Don’t worry – we’re here to straighten things out. Read on to learn about the different types of home loans available and which options might be right for you.
This is basically your standard mortgage; the kind you can get through banks or private lenders. Compared to government-backed loan options, which we’ll cover later, a conventional loan offers things like lower interest rates, an easier application process, and few eligibility requirements.
To qualify, you’ll need to have:
- A credit score of at least 640
- A debt-to-income ratio of 45% or less
- A verifiable income and down payment source
- No major money problems in your recent history
- Any other documentation your lender might require
If you qualify, you’ll have a number of options for loan terms. You’ll have to make decisions about your loan term, interest rates, and what your down payment is going to be
- Loan term. Do you want to pay back your mortgage in 10 years? 20? 30? These are common choices, but they’re not your only options.
- Interest rate. Do you want a fixed rate, which stays the same as long as you have your loan, or an adjustable rate, which can go up or down with the open market?

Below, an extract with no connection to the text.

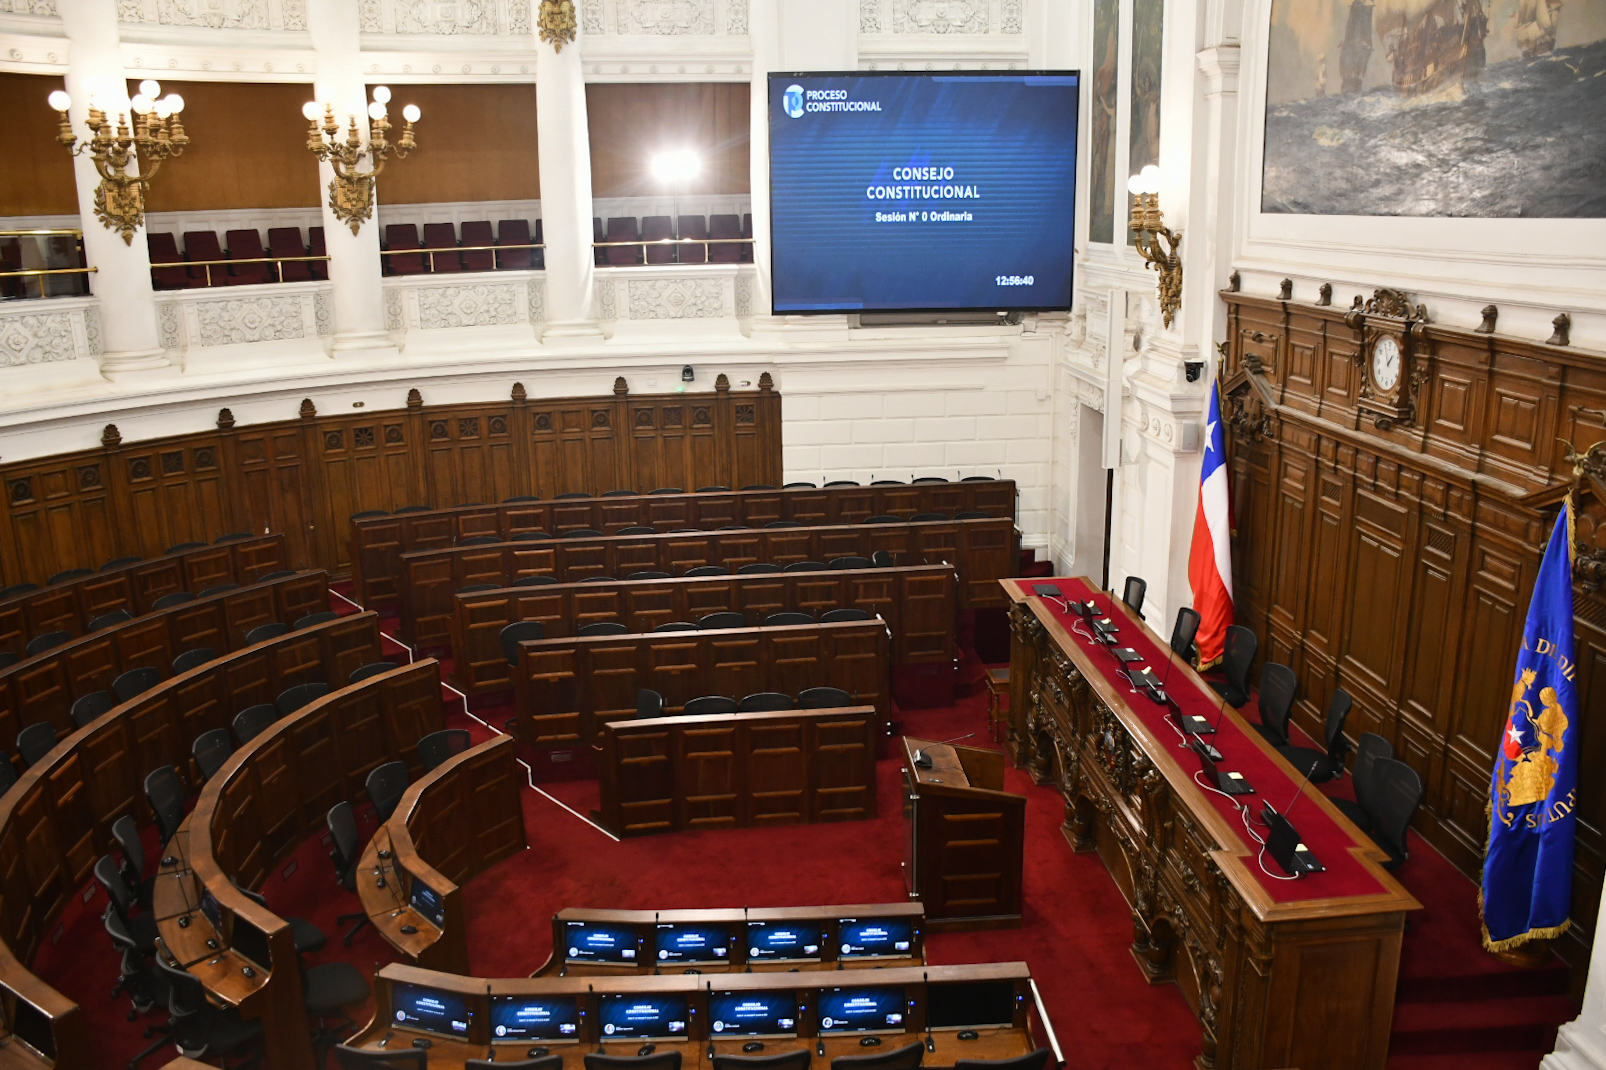 Lugar Consejo Constitucional. Ex Congreso Nacional

- Down payment. How much can you afford? Conventional loans usually require a down payment of 5 to 20 percent, depending on your lender.
You might be tempted to put down less, but be aware – a higher down payment means that you’ll pay less in the long run, since you won’t accrue as much interest.

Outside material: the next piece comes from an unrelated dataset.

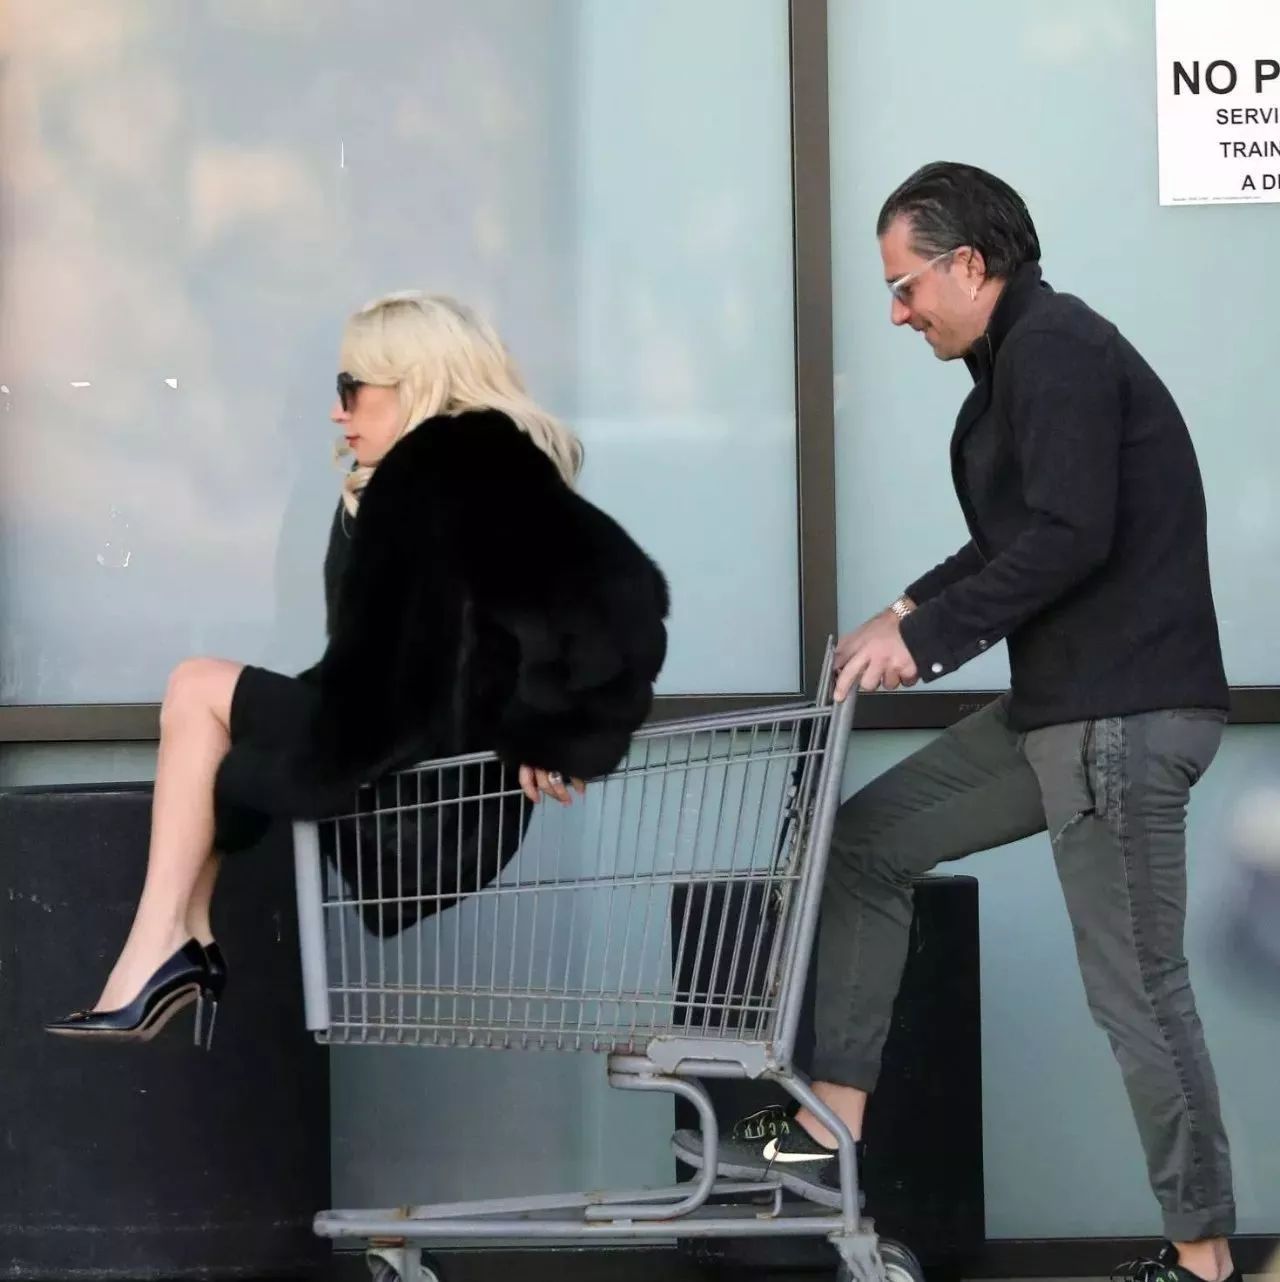 超市开始卖鳖了?Lady Gaga即使逛超市也不走寻常路!

The Conventional 97 Mortgage
If you don’t have a lot of cash, the Conventional 97 program allows you to put down just 3 percent. This program can make a mortgage more accessible for many first-time home buyers. There aren’t as many restrictions as you might expect, but you do have to commit to some things:
- Mortgage insurance coverage
- A one-unit principal residence (no investment properties)
- A fixed-rate mortgage with a term of 30 years or less
- Avoiding high-value loans
Ask a lender for more information or check out the details on Fannie Mae’s website. (Fannie Mae finances mortgage lenders and connects people to affordable mortgage options. They also determine what counts as a “high-value loan.”)
Also known as non-conforming loans or jumbo loans, this category includes all mortgages that are above Fannie Mae’s limits. (Freddie Mac, which operates much like Fannie Mae, has the same limits.) For 2019, the limit is $484,350 for a single-family home.
If you’re lucky enough to be able to afford a jumbo loan, you’ll need a credit score of at least 700. Some lenders even require 720 or higher.
They might also ask for a debt-to-income ratio of 45 percent, though they might be more lenient if you’re flush with cash.
For less affluent and first-time home buyers, jumbo loans can be excessive. If you fall into one of those categories, consider looking into government-insured loans instead.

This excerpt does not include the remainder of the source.